With that said, let me very quickly address the first concern that will be raised. Pastor, if we make others a priority, what about those of us who are here? I’d bet my next paycheck that that question has already crossed some of your minds. Well, here’s my response. I’m almost certain there’s never been a church which made ministry to those outside their church a high priority at the expense of those already there. A church will take care of itself. In fact, by human nature, that’s our default. I guarantee we’ll make sure we’re cared for. On the other hand, the world is full of churches who took care of themselves at the total expense of those not there.

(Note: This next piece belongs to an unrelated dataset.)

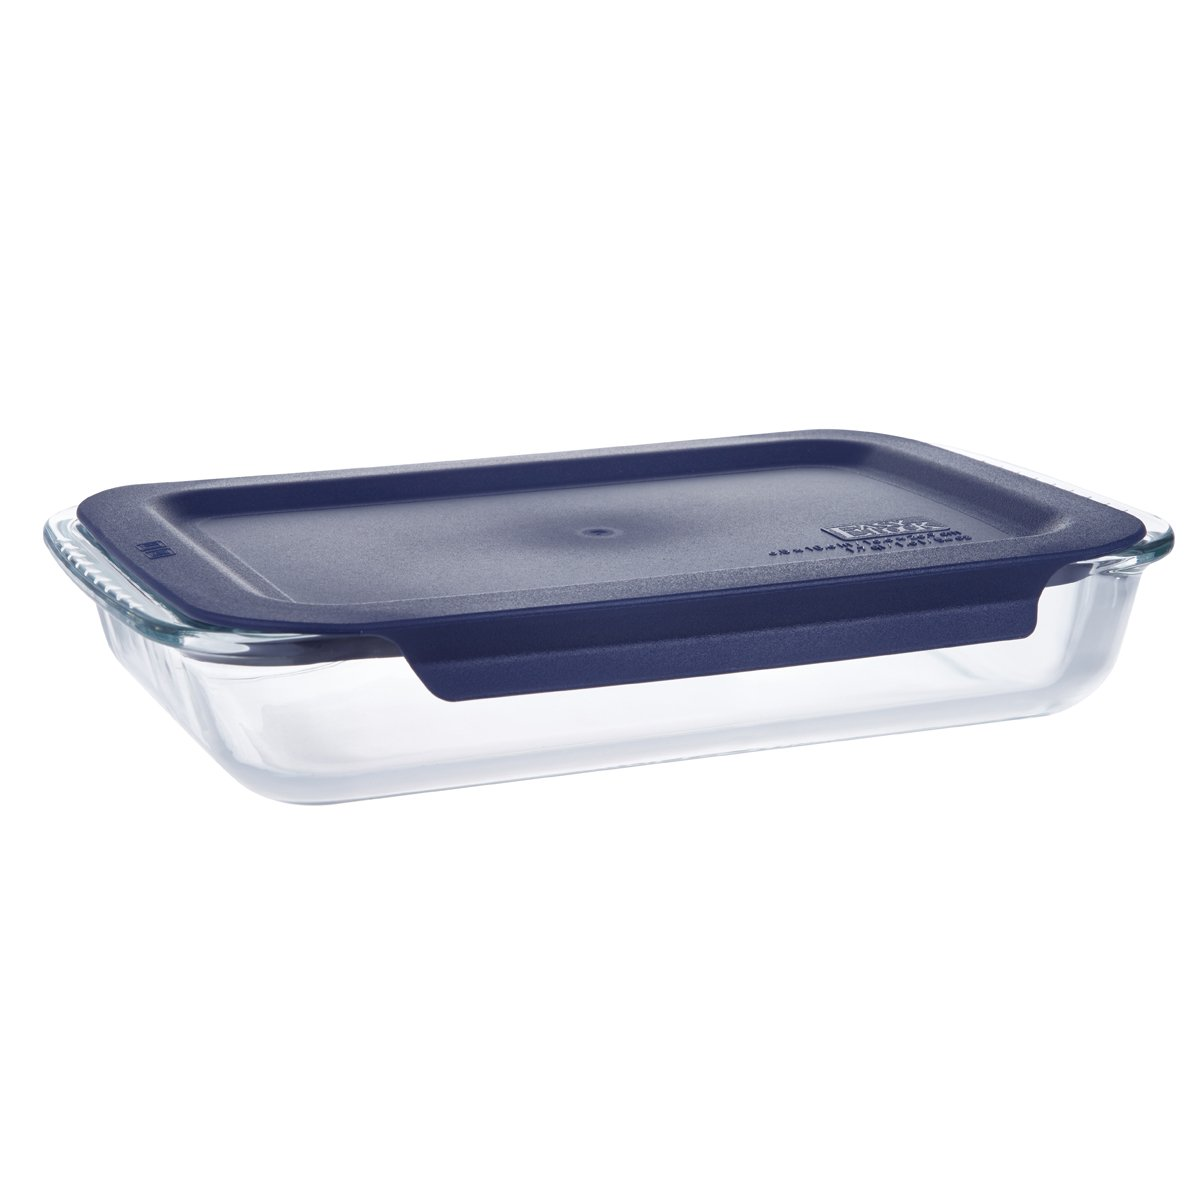 LEXINGWARE 1.5 Quart Glass Bakeware Ovenware Oblong Baking Dish Blue Plastic Lid - 7.7 x 12 inch

Here’s a quick parallel. The day they announced in church that I’d had a heart attack, a church member dropped by the house because he wanted to make sure I didn’t make the same mistake he did. He told us that he’d had two heart attacks, and the second one was the result of a bad decision he made after the first one. After his first heart attack, he faithfully took his medications but didn’t change his lifestyle. He figured the med were enough. But they weren’t, and he suffered another heart attack. After that, he took his meds and he changed his lifestyle. Doing both was the only way of being healthy.

Focusing on ourselves and making sure we’re meeting our own needs just isn’t enough. To be a thriving, vital church, we absolutely must do both. Yes, it’s important to take care of ourselves, but in a certain way, it’s even more important that reach out and connect with those outside of ourselves. Then, and only then, will we truly be a church that is for all and of all.

We are a church, and we have a steeple. Now let’s open our doors and go out to see all the people. Let’s pray.